Color coded comparison of VM serial number and UUID

This actually helped explain something I’ve seen before with virtual machines created by storage array-based clones having duplicate UUIDs. The top value (minus the ‘VMware-‘ prefix) is stored in the vmx file as uuid.bios. When a direct clone of the VM file is registered into inventory, the VMs UUID (and by extension, BIOS serial number) would be a duplicate of the original/source VM.

We can see in the following command/output that two VMs have different names / IDs, but have duplicate UUIDs. I’ve confirmed with dmidecode that these two guests also have the same system-serial-number.

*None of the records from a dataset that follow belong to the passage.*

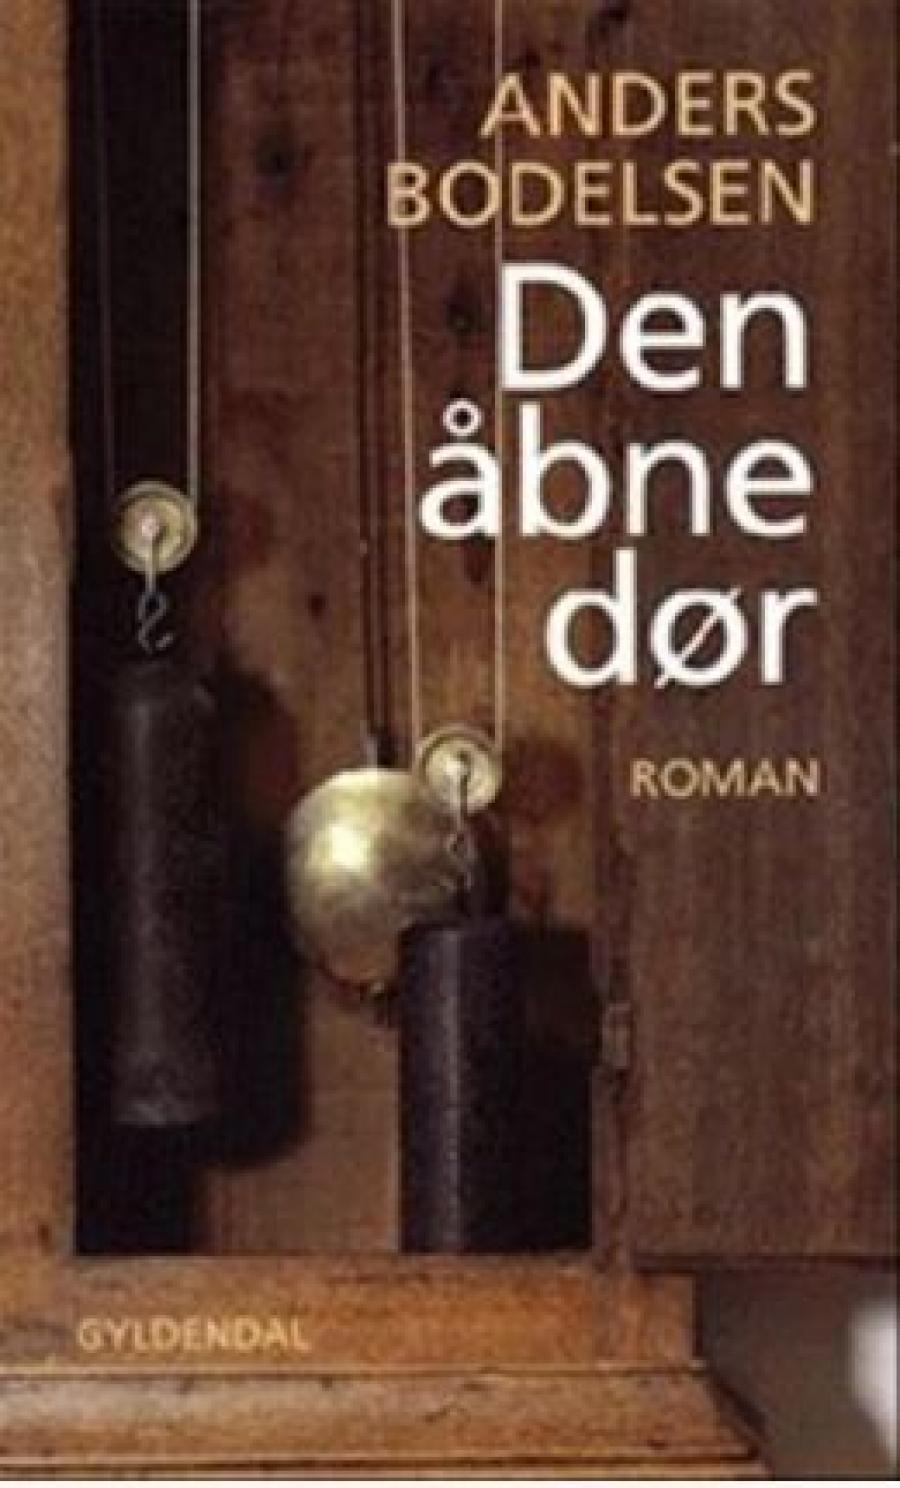 Anders Bodelsen, "Den åbne dør"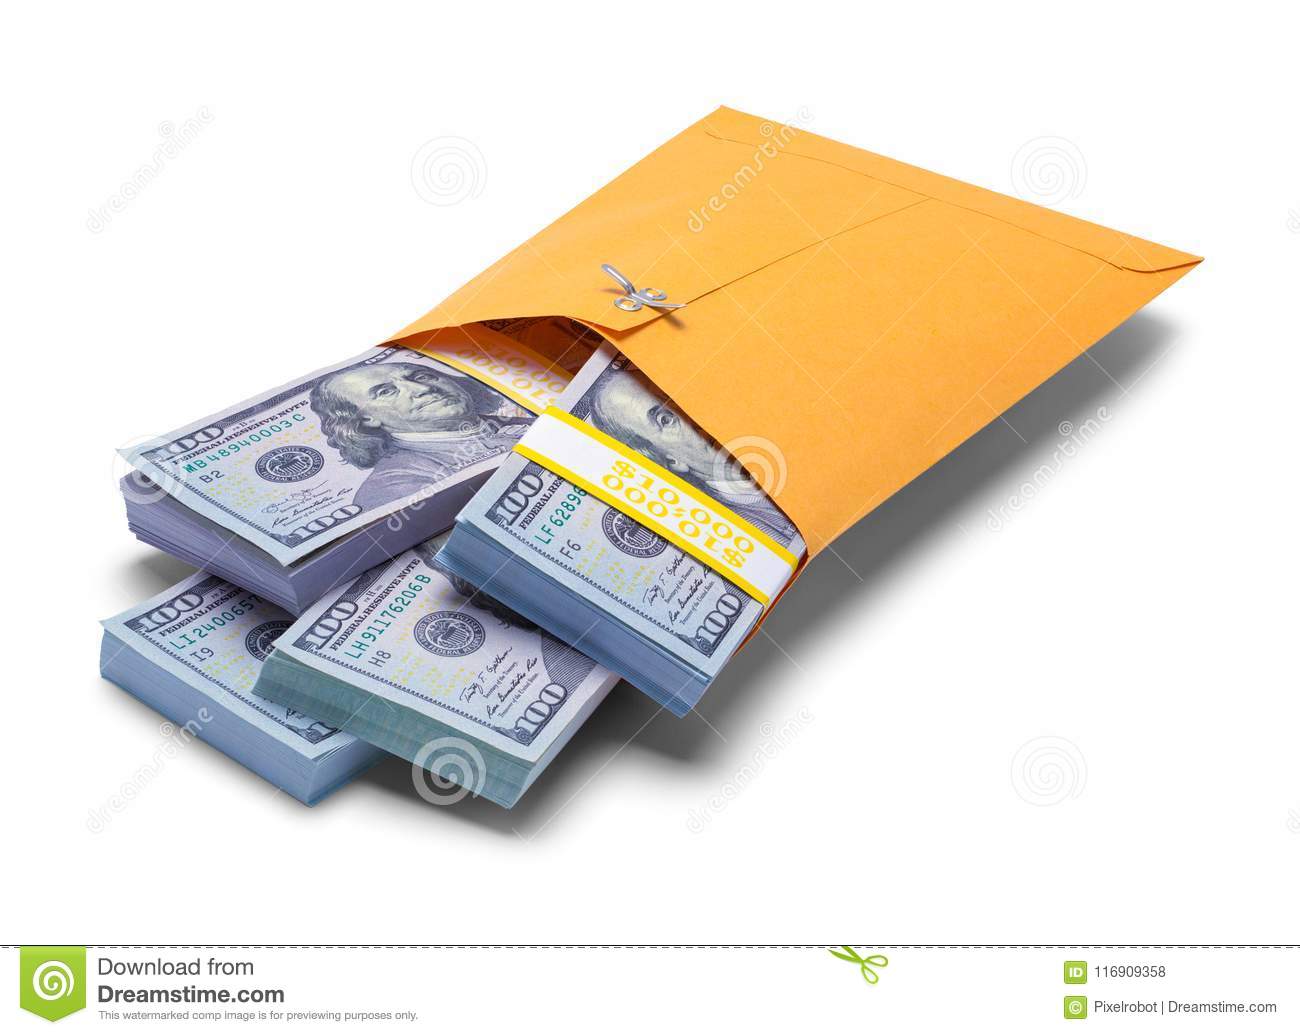 Money in brown envelope.jpg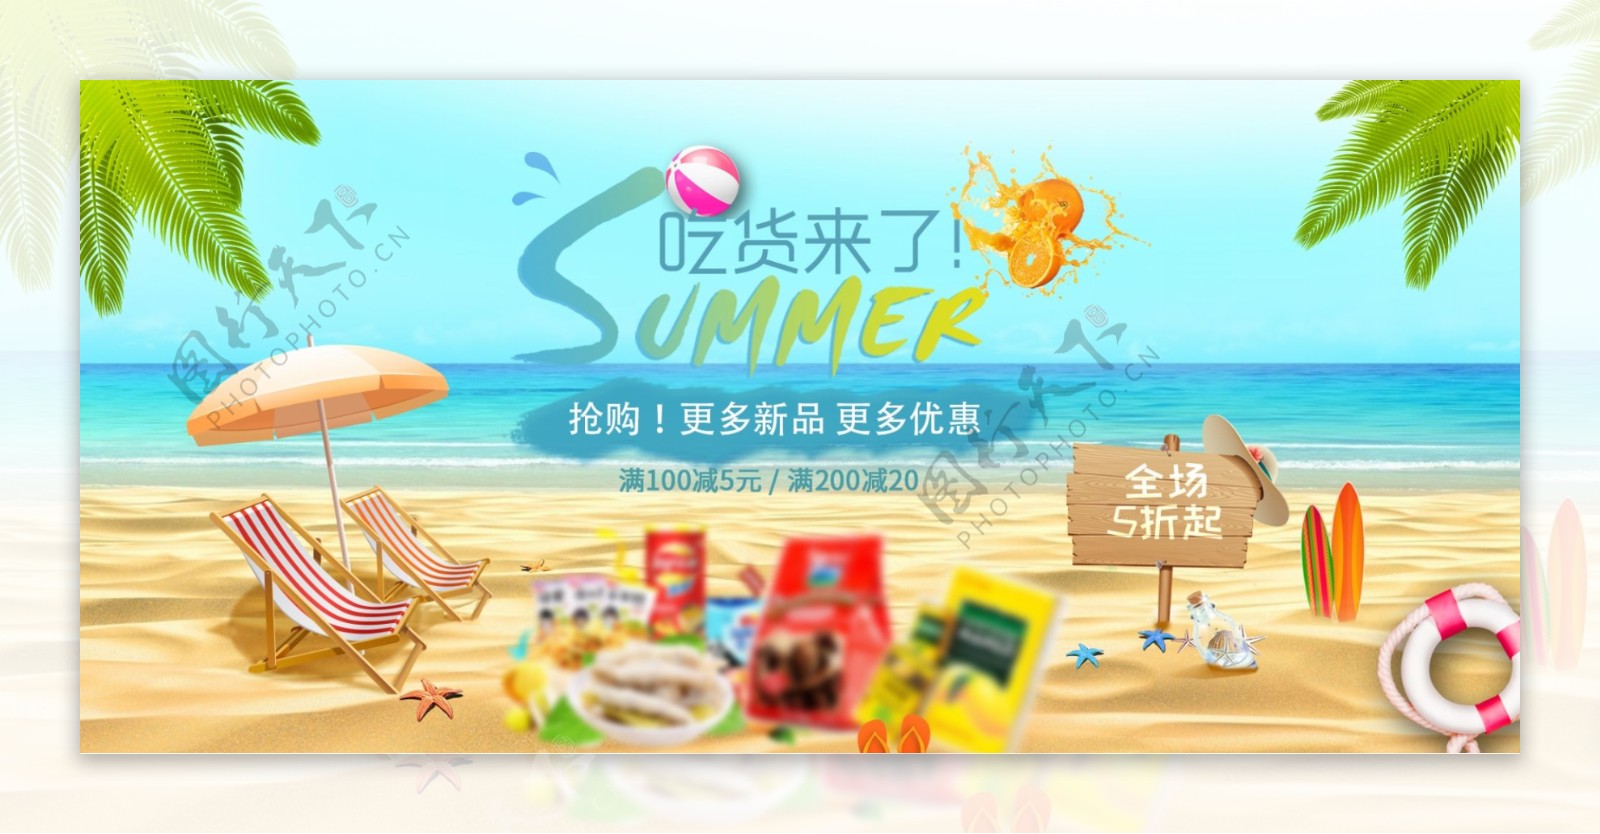 天猫暑假氛围食品美食专栏海报

Get-VM h207-vm-* | Select-Object Name, ID, @{N='UUID';E={$_.extensiondata.config.uuid}}

Name       Id                        UUID
----       --                        ----
h207-vm-01 VirtualMachine-vm-3147125 42023081-331b-58e1-2730-ca560789e551
h207-vm-02 VirtualMachine-vm-3147127 42023081-331b-58e1-2730-ca560789e551

If we want to change our VM UUID, to ensure all our VMs have unique serial numbers, we can do that with PowerCLI as well. For illustration purposes, I’m going to update the UUID value for the second VM to end with the number 2. However, we could also have PowerShell generate a completely new UUID with [guid]::NewGuid().

$vm = Get-VM h207-vm-02
$spec = New-Object VMware.Vim.VirtualMachineConfigSpec
$spec.uuid = '42023081-331b-58e1-2730-ca560789e552'
$vm.extensiondata.ReconfigVM_Task($spec)

The above code will update our second VM to have a UUID which ends in 552 (the string we provided). In the below code block we’ll get the same two VMs as above and note that our UUIDs have changed.

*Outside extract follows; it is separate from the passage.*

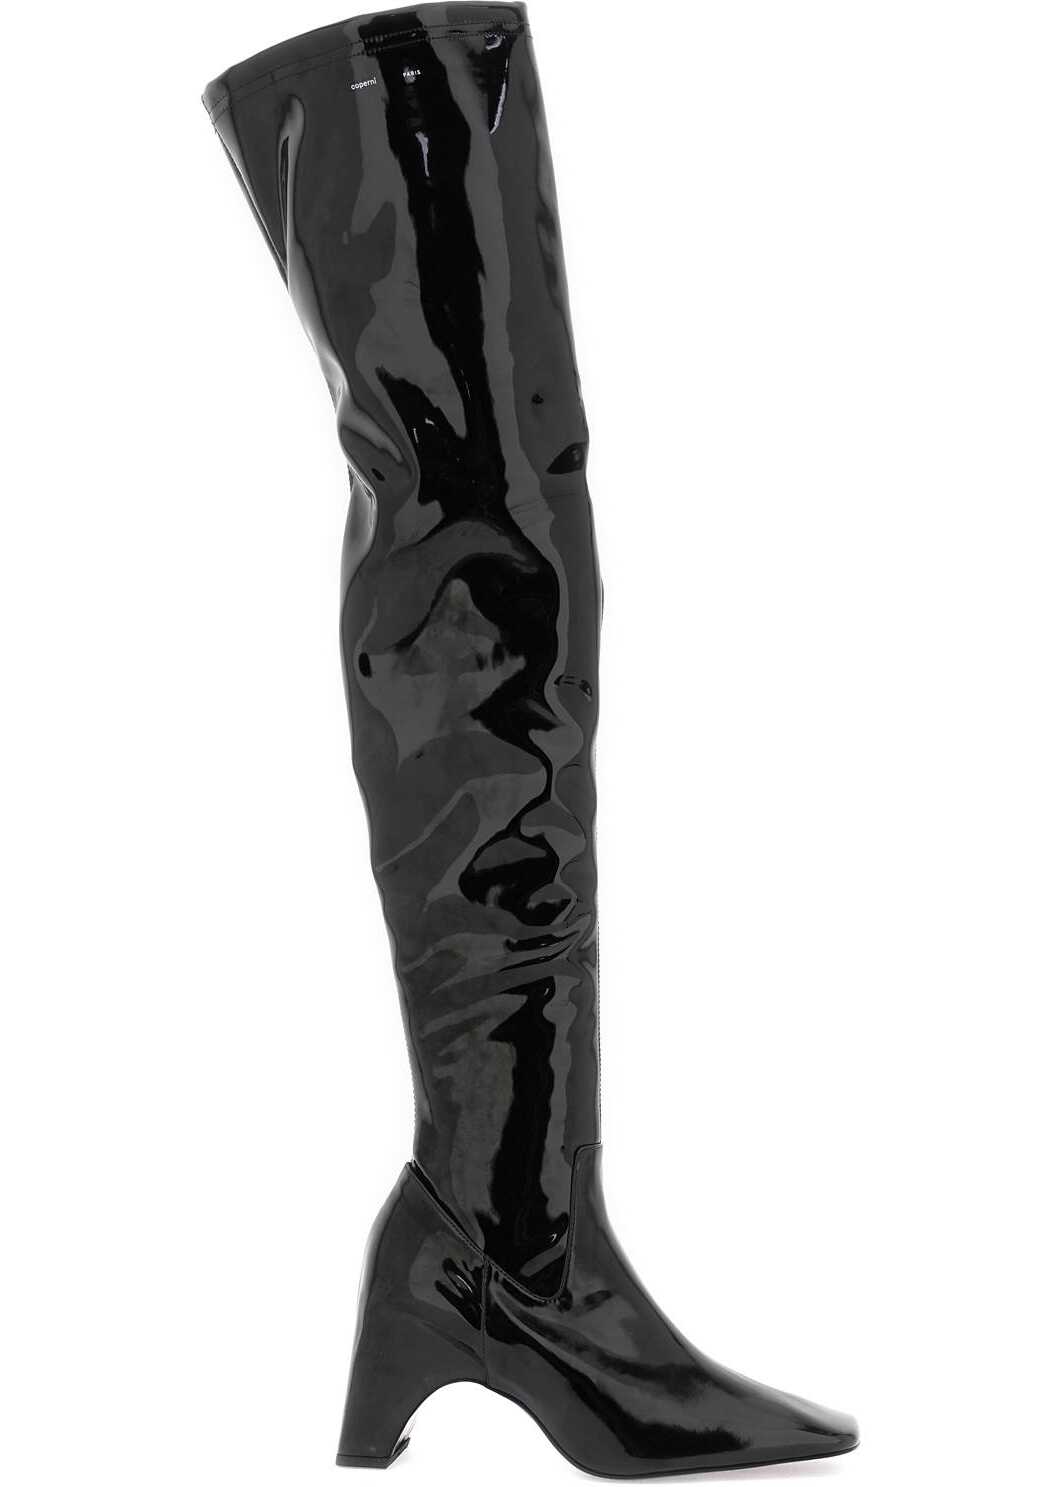 COPERNI Stretch Patent Faux Leather Cuissardes Boots BLACK

Get-VM h207-vm-* | Select-Object Name, ID, @{N='UUID';E={$_.extensiondata.config.uuid}}

Name       Id                        UUID
----       --                        ----
h207-vm-01 VirtualMachine-vm-3147125 42023081-331b-58e1-2730-ca560789e551
h207-vm-02 VirtualMachine-vm-3147127 42023081-331b-58e1-2730-ca560789e552

Knowing the BIOS serial number and UUID relationship can be understood with string manipulation, I created a quick function to reverse the original example we found. In this function we can provide a VM system-serial-number and have it select the pieces of the string required to build our UUID.

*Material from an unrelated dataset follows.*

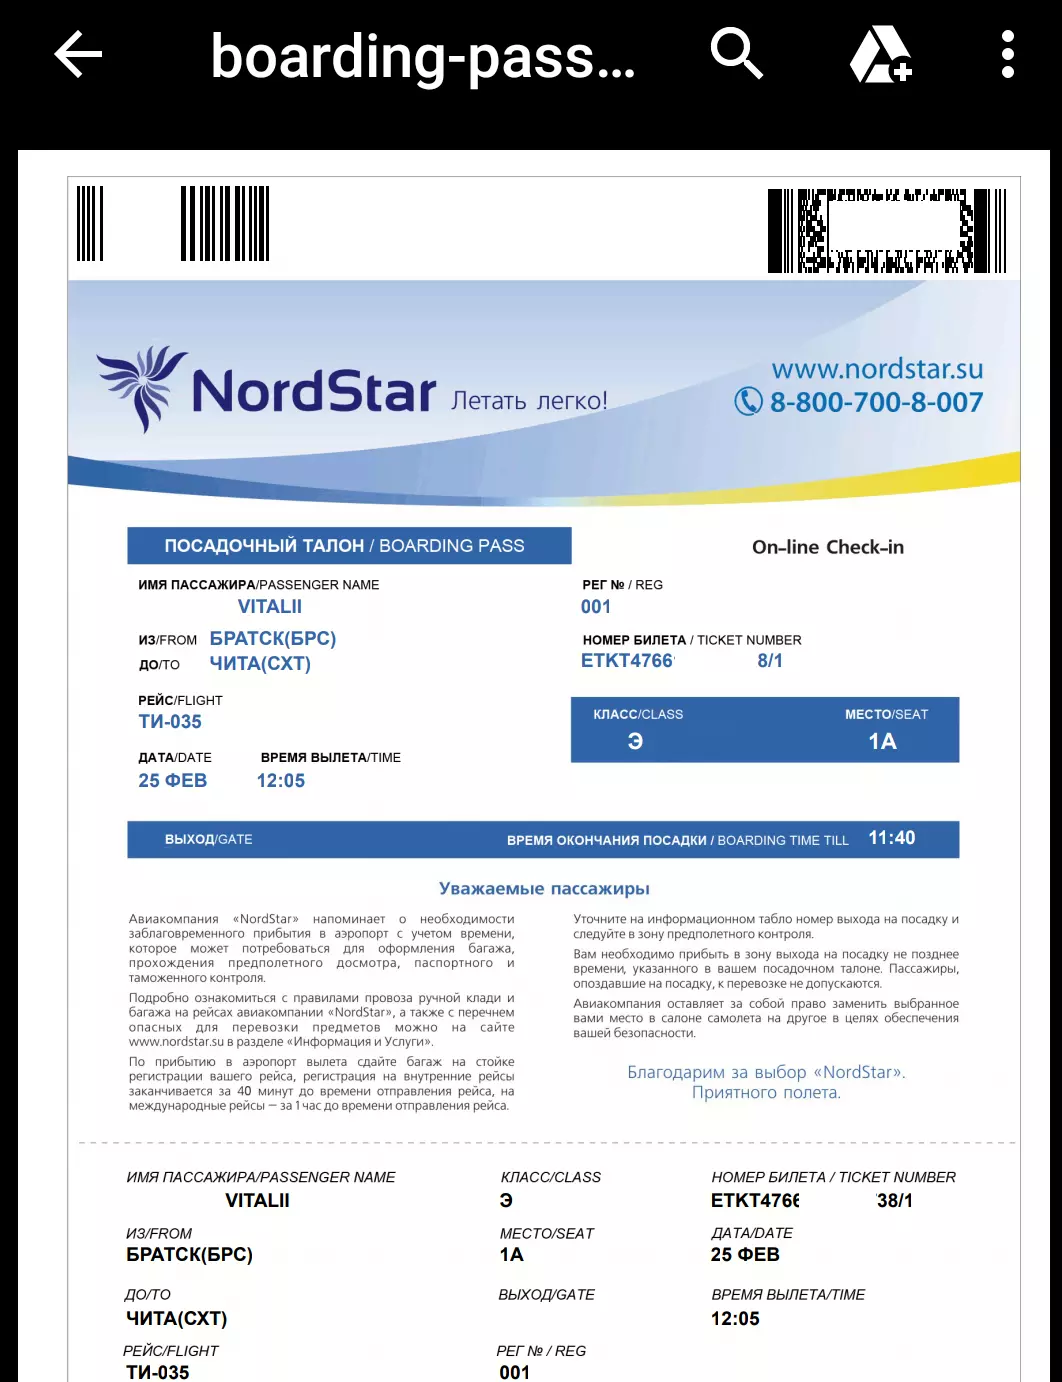 Нордстар (nordstar): вход в личный кабинет и онлайн регистрация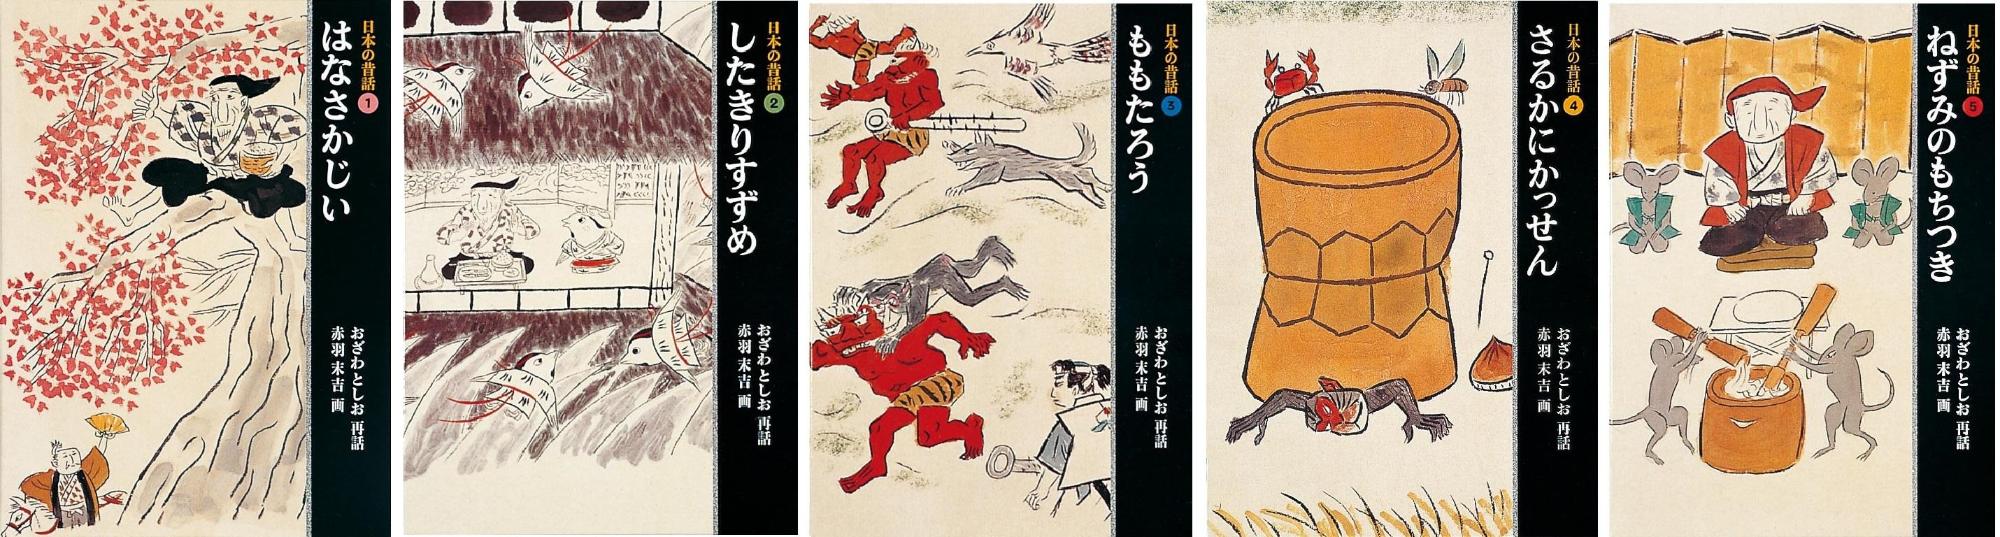 『日本の昔話(1)～(5)』絵本の表紙

function Get-VMUuidFromSerial {
  param($vmSerial)
  if ($vmSerial.length -ne 54) { write-warning "The provided serial number $vmSerial does not appear to be the correct length." }

  $myResult = $vmSerial -Replace 'VMware-', '' -Replace ' ', ''
  $myResult.substring(0, 8) + '-' + $myResult.substring(8,4) + '-' + $myResult.SubString(12,4) + '-' + $myResult.Substring(17,4) + '-' + $myResult.Substring(21, $myResult.length - 21)
}

The original code we found expected a parameter of type [VMware.VimAutomation.ViCore.Impl.V1.Inventory.VirtualMachineImpl], but our VM objects were being passed in as [VMware.VimAutomation.ViCore.Impl.V1.VM.UniversalVirtualMachineImpl], so I updated the type definition in the function. To be able to test this using a list of UUIDs from a CSV file, I ended up removing that type definition and checked the length of the string, similar to the above function. I also adjusted the function name to match the format we used above. I’m including it below for reference/safe keeping.

function Get-VMSerialFromUUID {
  param($vmUUID)
  if ($vmUUID.length -ne 36) { write-warning "The provided UUID $vmUUID does not appear to be the correct length." }

  $myResult = 'VMware-'
  $serialnumtmp = $vmUUID.Replace('-','')
  for ($i = 0; $i -lt $serialnumtmp.length; $i += 2) { $myResult += $serialnumtmp.substring($i, 2); if ($myResult.Length -eq 30) {$myResult += '-' } else { $myResult += ' ' } }
  $myResult
}

Hopefully this post will help if you ever need to compare VM UUIDs with BIOS serial numbers and/or resolve duplicate serial number issues.